• _WHAT YOU HAVE TO DO_
Print the lines in the listing below starting at the line with "Reinhold Begas" and ending at the line with "Emperor Wilhelm I", both included. Reproduce them exactly and omit every picture.

• _THE INPUT_
===

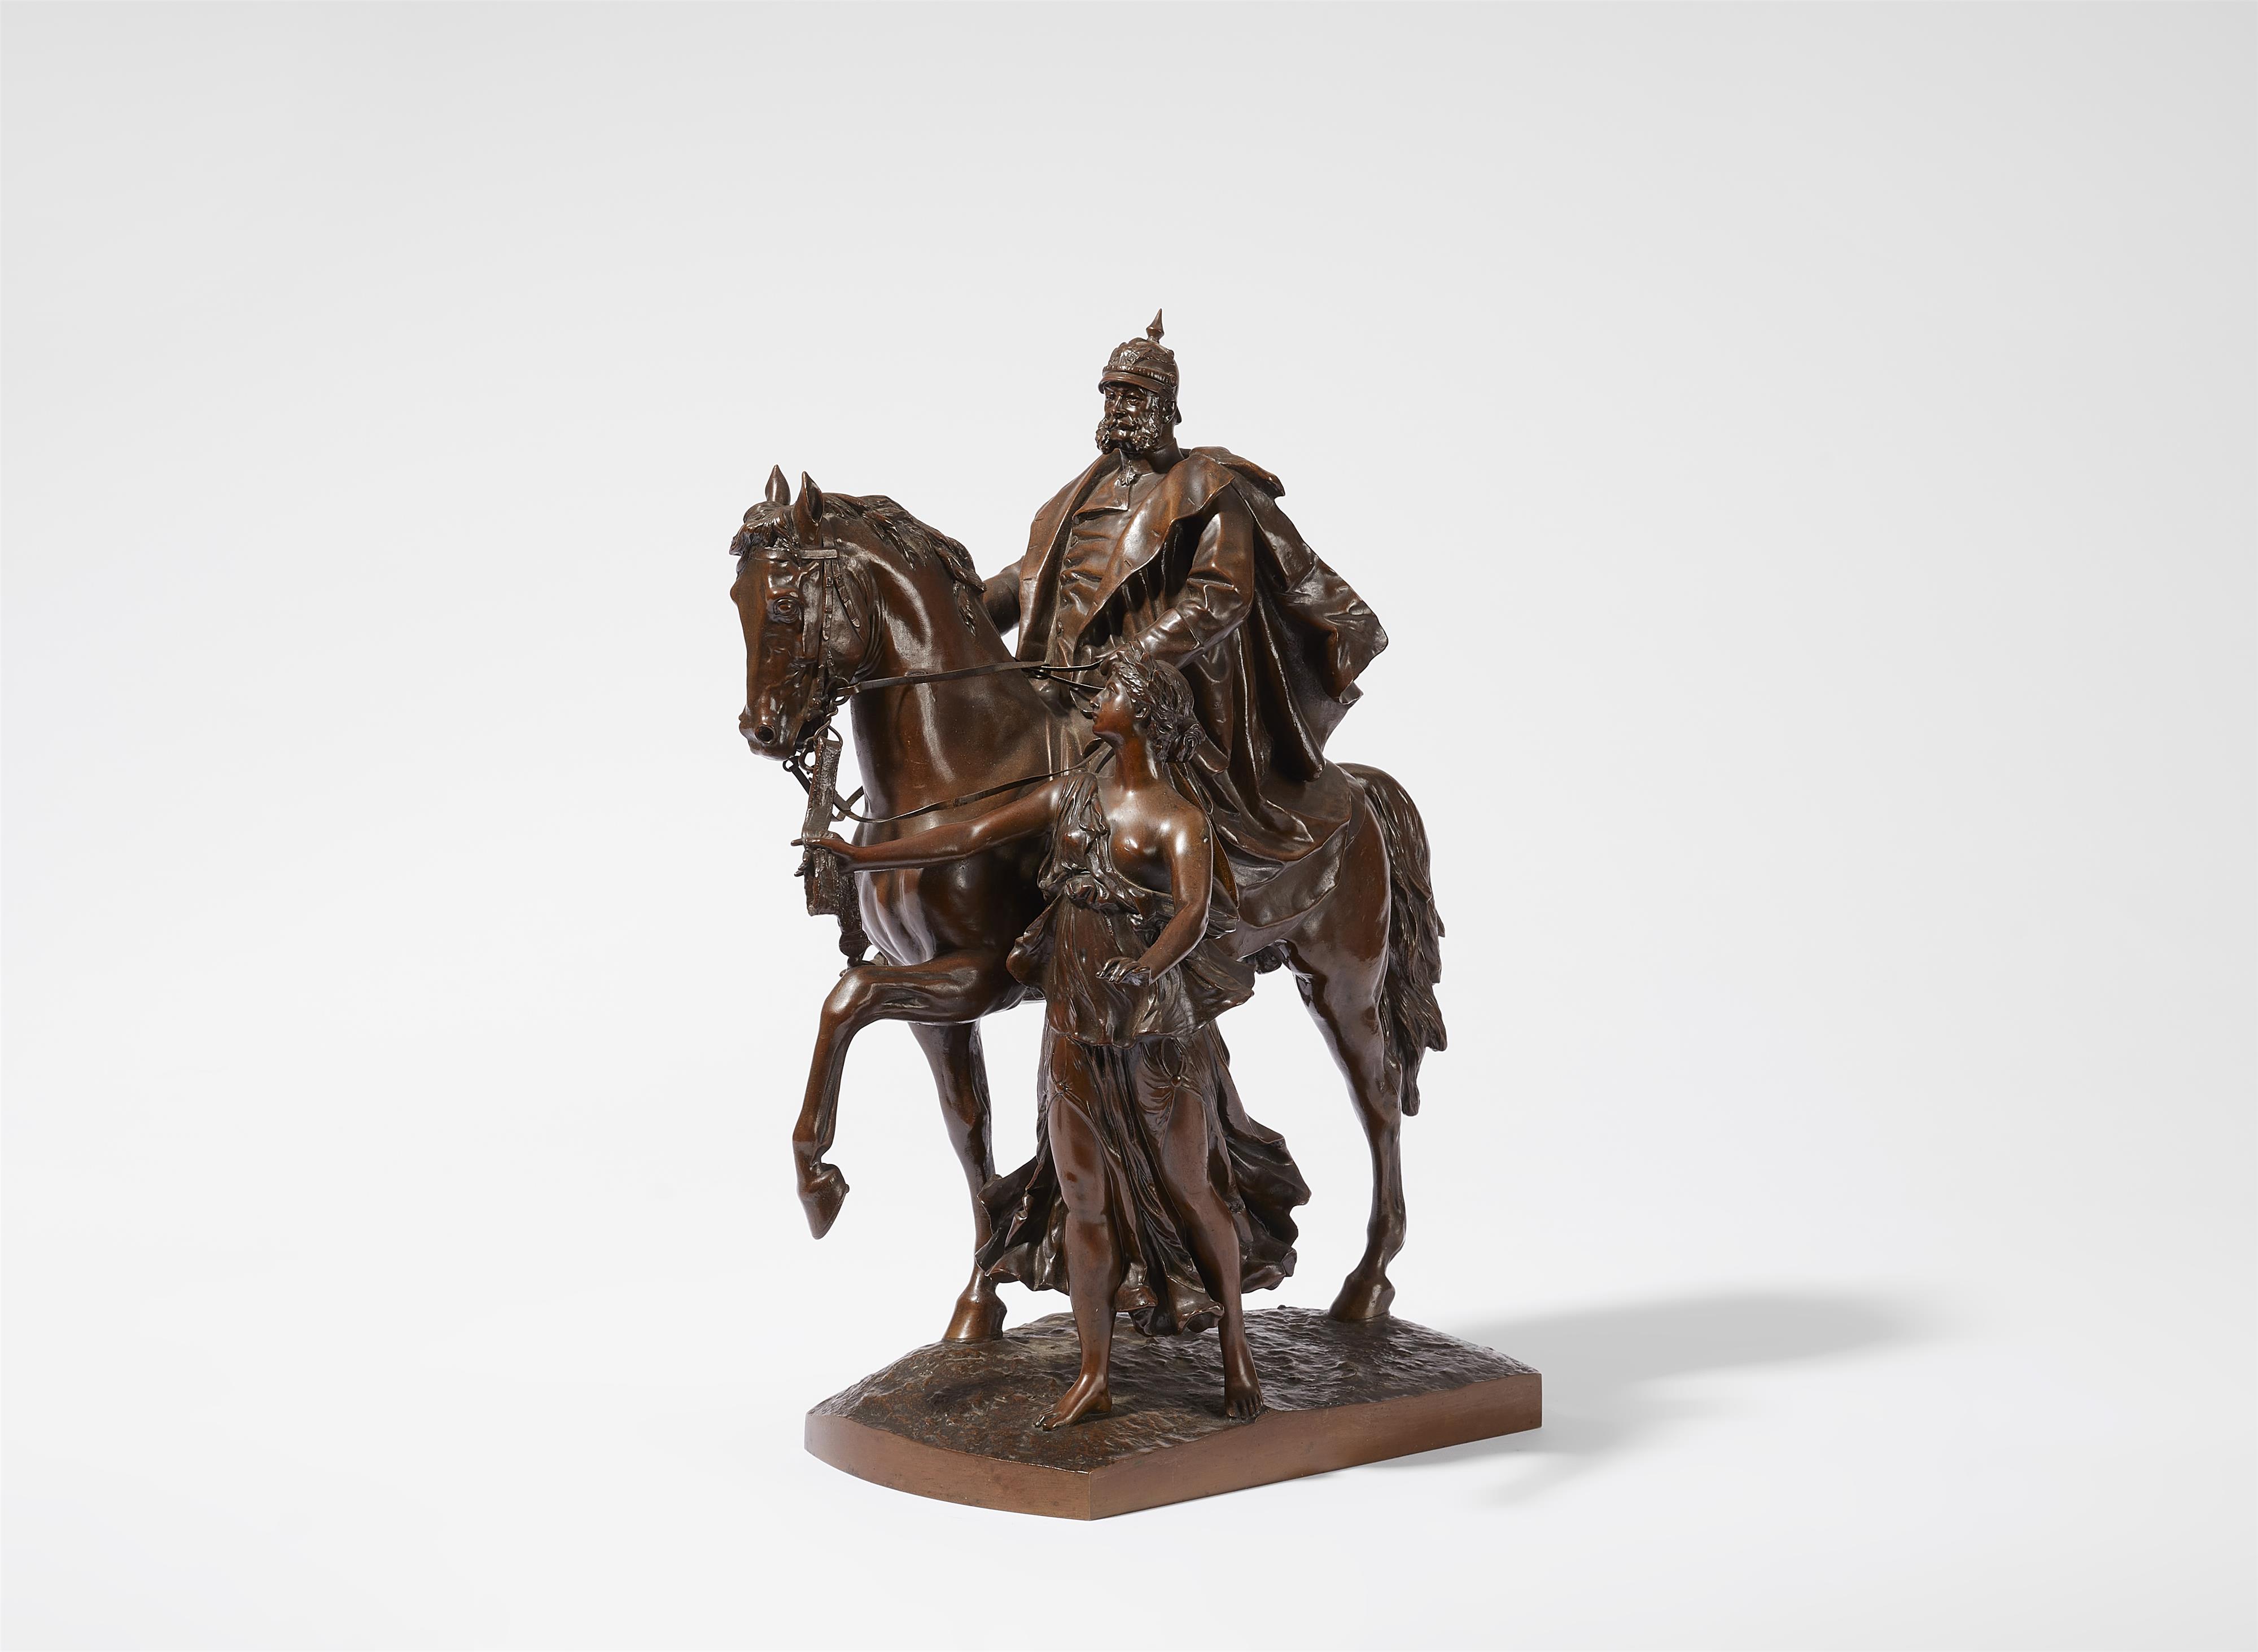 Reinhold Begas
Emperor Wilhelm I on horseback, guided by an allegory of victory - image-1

===

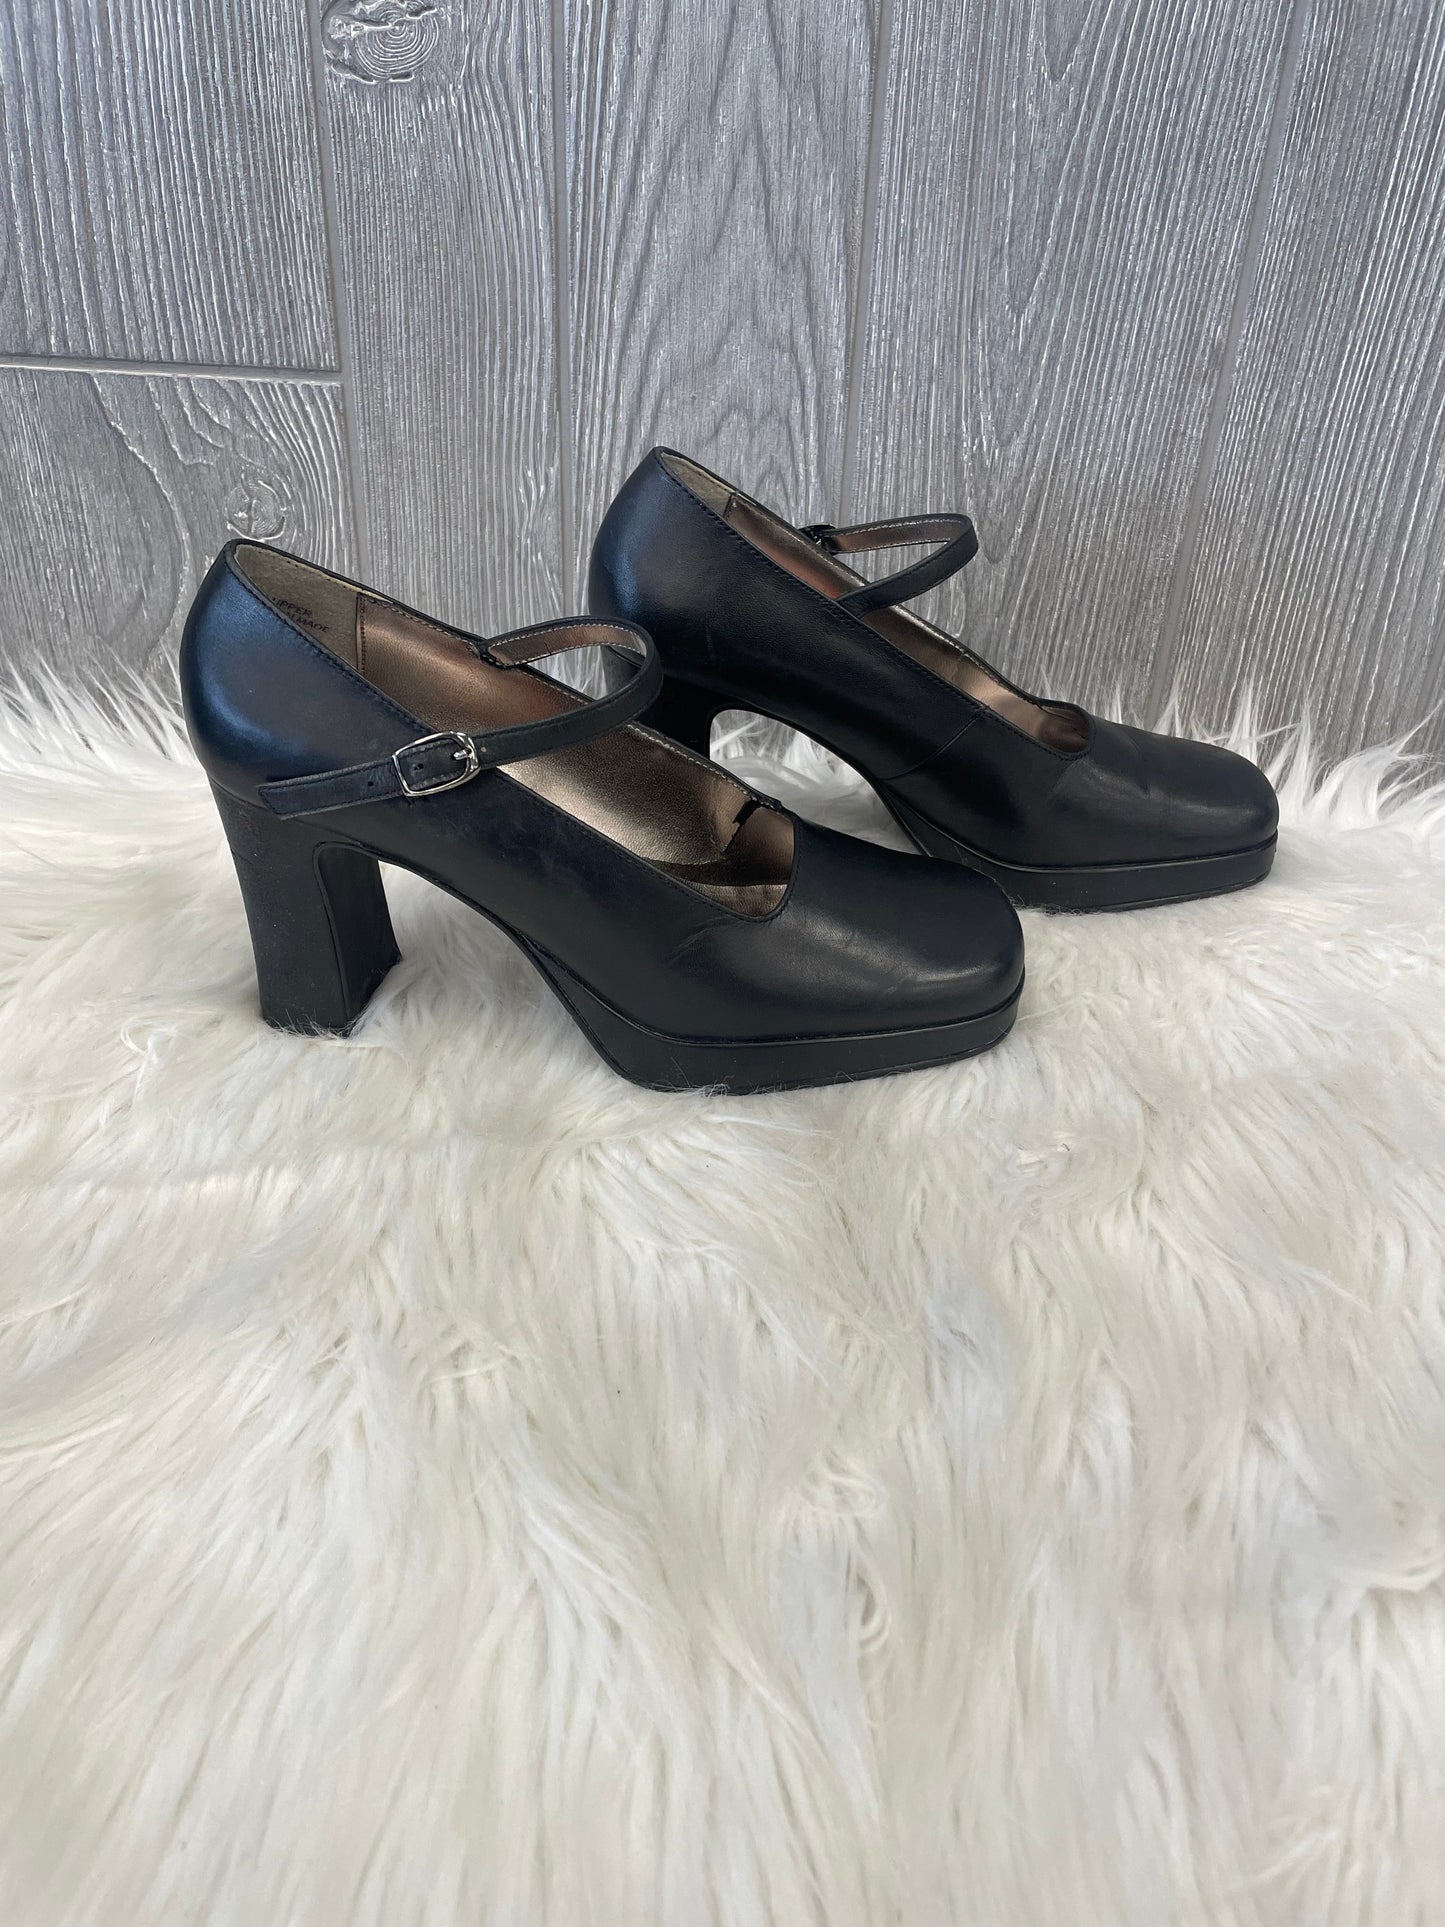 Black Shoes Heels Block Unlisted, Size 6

===

• _ANSWER SECTION_
 Reinhold Begas
Emperor Wilhelm I on horseback, guided by an allegory of victory - image-1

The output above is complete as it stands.